¡Que se radicalicen ellos!

Hace algunos días, viendo las opiniones que hacían publicas los representantes de los distintos partidos, tras la sesión de investidura del presidente de la Junta de Castilla y León, todos los ciudadanos volvimos a percibir el alto nivel de tensión y crispación que existe en la política española. Como ya viene siendo práctica habitual, todos responsables políticos, una vez más, dedicaron más tiempo al insulto y a la descalificación del contrario que a la crítica inteligente y razonada de sus propuestas.
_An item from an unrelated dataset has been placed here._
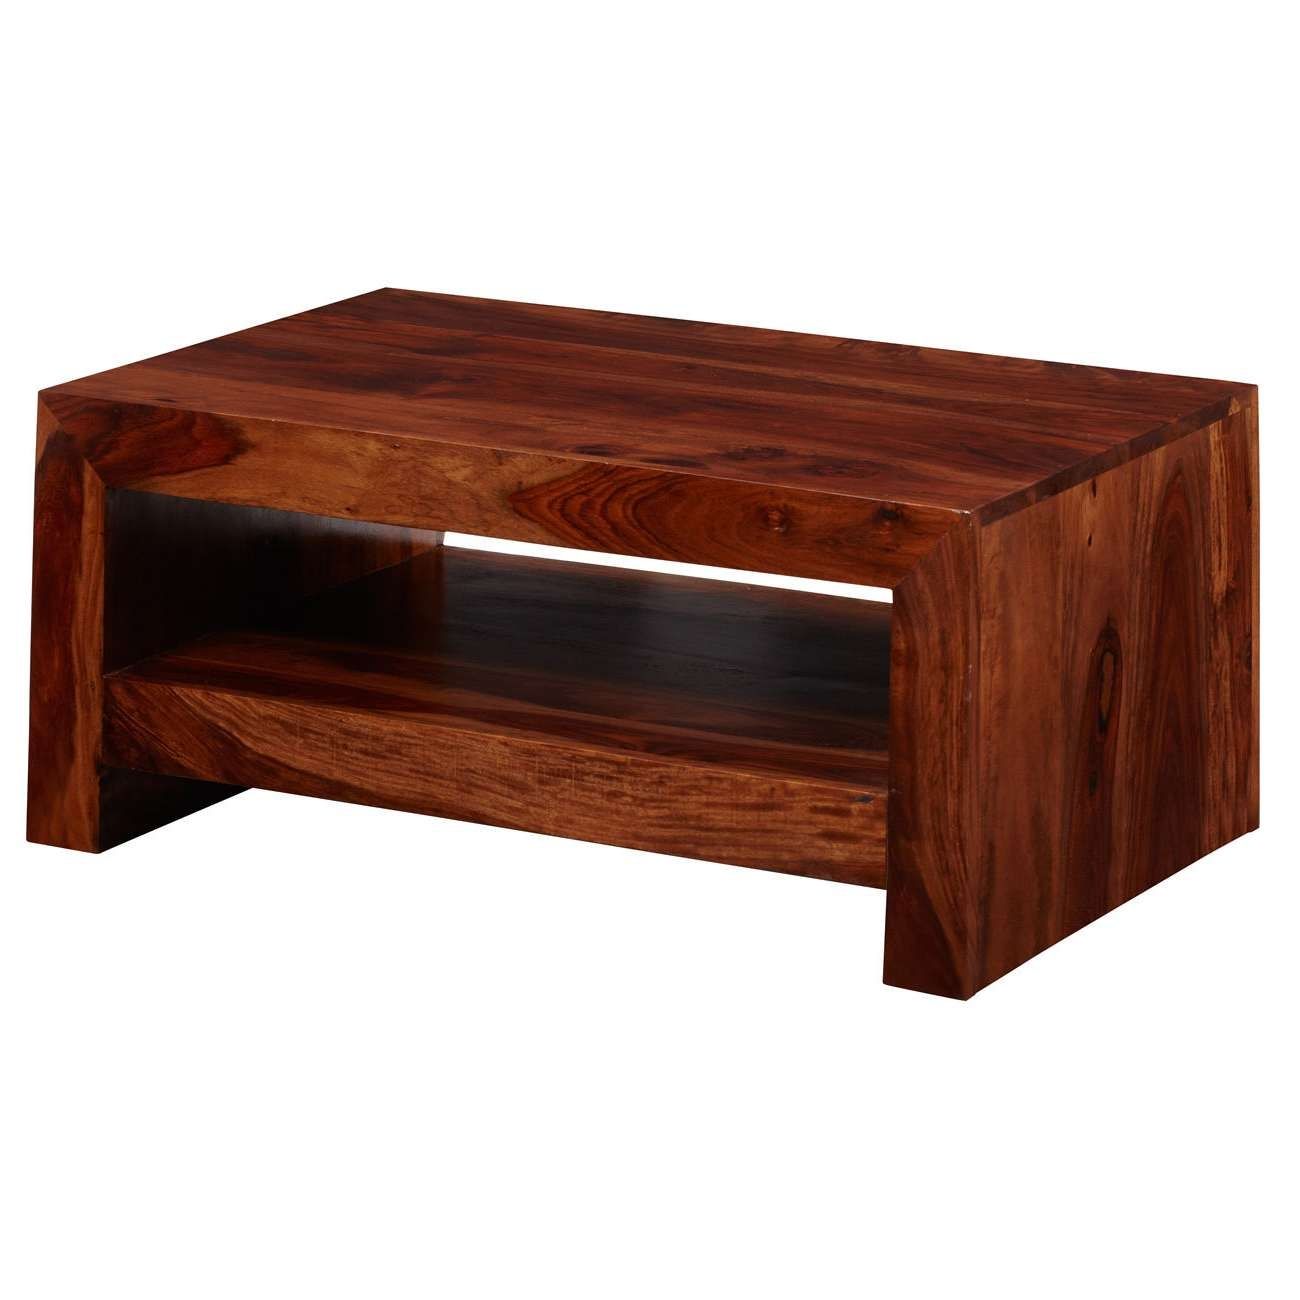 Salient Photos Gallery Solid Wood Coffee Table Designs Solid Wood Pertaining To Favorite Large Solid Wood Coffee Tables (View 17 of 20)

Es cierto que, en muchos ámbitos, la sociedad española ha evolucionado positivamente, pero también es verdad que en el de la política y en el de la convivencia ha ocurrido justamente lo contrario. Yo tuve la oportunidad de vivir de cerca y a fondo los años de la transición. Mi profesión me permitió conocer en primera fila muchos acontecimientos y a bastantes personajes, que alcanzaron un protagonismo esencial durante esta singular -y ejemplar- etapa de nuestra historia reciente.

Y debo confesar, con un poco de pena y otro tanto de nostalgia, que el clima social y político de entonces estaba absolutamente alejado del que ahora padecemos, además, con evidentes señales de constante agravamiento. Los periodistas podíamos opinar, sin riesgo y sin miedo, en nuestros medios y los políticos podían confrontar sus ideologías y proyectos en un ambiente de mutua comprensión, cordialidad y respeto, que hizo posible el que se pudieran alcanzar los acuerdos necesarios para solucionar los graves problemas que entonces nos aquejaban, en el ámbito económico, en el  laboral y en el político, a pesar de que la memoria de lo ocurrido durante la larga dictadura, estaba todavía muy presente  en todos los actores políticos.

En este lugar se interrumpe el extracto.